1. Introduction: The Crowdfunding Bridge

  • The 2026 Context: Reg A+ has matured into a mainstream tool for tech startups and real estate syndicates. It occupies the middle ground between Regulation D (private placements for the wealthy) and a Full IPO (NASDAQ/NYSE).
  • The "General Solicitation" Advantage: Unlike most private rounds, you can market a Reg A+ offering across social media, TV, and email, building a brand community while raising cash.
  • The Goal: To provide a cost-effective pathway to public capital markets, often as a precursor to an eventual up-listing.

2. Tier 1 vs.

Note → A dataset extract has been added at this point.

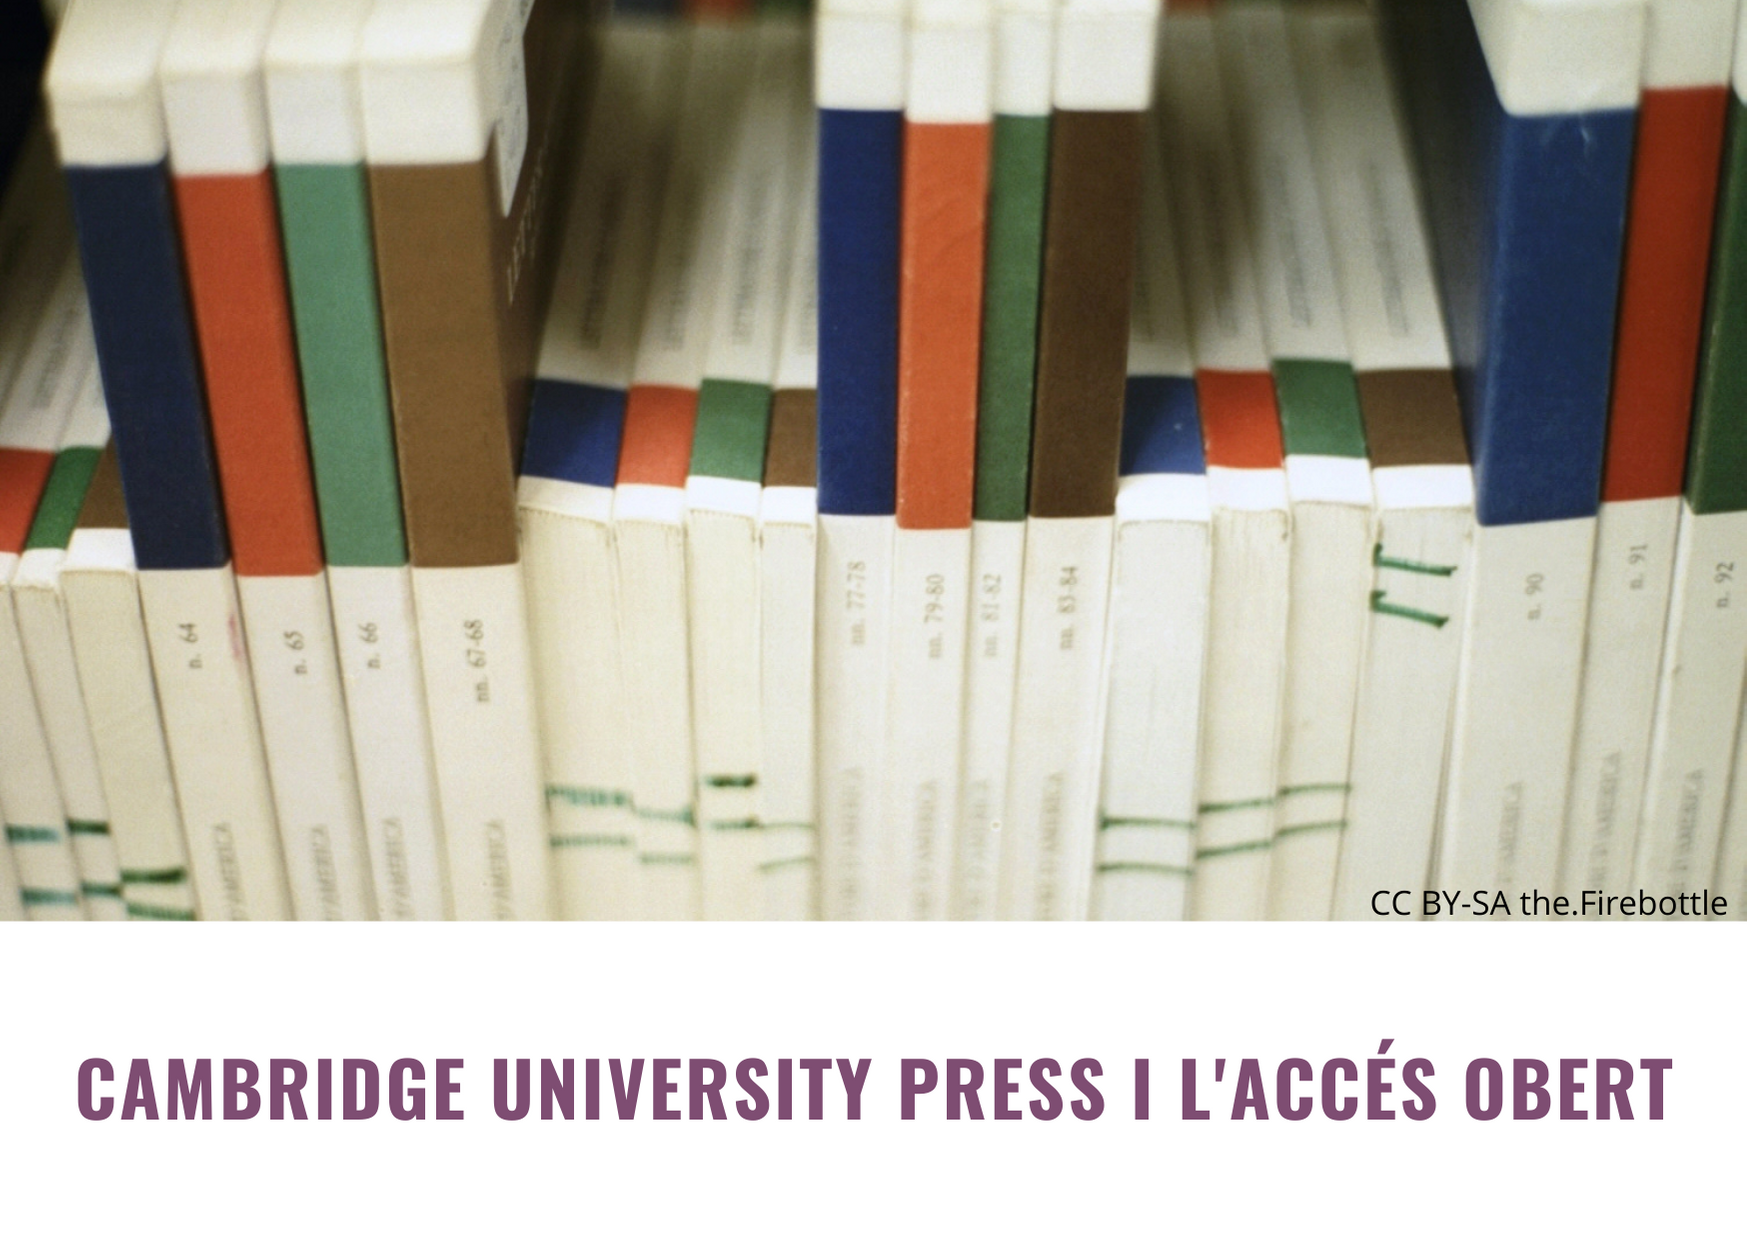 Cambridge University Press i accés obert

Tier 2: Selecting Your Pathway

In 2026, issuers must choose between two distinct tiers based on their capital needs and willingness to undergo audits.

  • Tier 1 (Up to $20 Million):
    • Best for localized businesses.
    • No SEC Audit: Financials generally don't need to be audited (unless already available).
    • The "Blue Sky" Trap: You must register in every state where you sell shares, which can be expensive and slow.
  • Tier 2 (Up to $75 Million):
    • The dominant choice for 2026 startups.
    • State Preemption: Bypasses state "Blue Sky" laws (federal qualification covers the whole US).
    • Audit Mandatory: Requires two years of audited financials and ongoing SEC reporting (Annual Form 1-K, Semi-Annual Form 1-SA).

3. "Testing the Waters": The 2026 Pre-Marketing Strategy

  • Gauging Interest: One of the most powerful features of Reg A+ is the ability to "test the waters" before filing a formal offering.
  • Non-Binding Indications: You can solicit non-binding indications of interest from the public to see if there is enough demand to justify the $50k–$100k in legal and accounting setup costs.
  • 2026 Digital Tools: Using "Reservation Portals" to build an investor waitlist, which can be converted into actual capital once the SEC "qualifies" the offering.

4. The Filing Process: Form 1-A and SEC Qualification

  • The Offering Statement (Form 1-A): This is your "Mini-Prospectus." It includes business operations, risk factors, and use of proceeds.
  • Confidential Review: First-time issuers can submit a draft Form 1-A for a non-public "Confidential Review" by the SEC staff.
  • Qualification Date: You cannot actually sell shares or take money until the SEC issues a "Notice of Qualification." In 2026, this process typically takes 90–120 days.

5. Investor Limits and the "Accredited" Distinction

  • Accredited Investors: No limits on how much they can invest.
  • Non-Accredited Investors (Tier 2 Only): Retail investors are limited to investing no more than 10% of the greater of their annual income or net worth.
  • Self-Certification: In most cases, the issuer can rely on the investor's self-certification of these limits, reducing the administrative burden.

6. Liquidity and Secondary Trading

  • Freely Tradable Shares: Unlike Reg D or Reg CF (Crowdfunding), securities issued under Reg A+ are not "restricted." They are technically freely tradable from day one.
  • The Trading Venue: To provide actual liquidity, 2026 issuers often list their shares on OTC Markets (OTCQX or OTCQB) or use specialized ATS (Alternative Trading Systems) that handle secondary trading for private companies.
  • Secondary Sale Cap: During the first year, "secondary sales" (insiders selling their own shares) are capped at 30% of the total offering.

7. 2026 Costs and Long-Term Compliance

  • The "All-In" Cost: Expect to spend $150k–$300k on legal, audit, and marketing before the first dollar comes in.
  • Ongoing Reporting: Tier 2 issuers must file annual and semi-annual reports. In 2026, missing these deadlines can lead to a "Bad Actor" disqualification, barring you from future raises.
  • Conclusion: Reg A+ is a powerful branding and capital tool, but it requires "Public Company Lite" discipline. If you want a base of 5,000 "brand-ambassador" investors, this is your vehicle.

ContractsCounsel is not a law firm, and this post should not be considered and does not contain legal advice. To ensure the information and advice in this post are correct, sufficient, and appropriate for your situation, please consult a licensed attorney. Also, using or accessing ContractsCounsel's site does not create an attorney-client relationship between you and ContractsCounsel.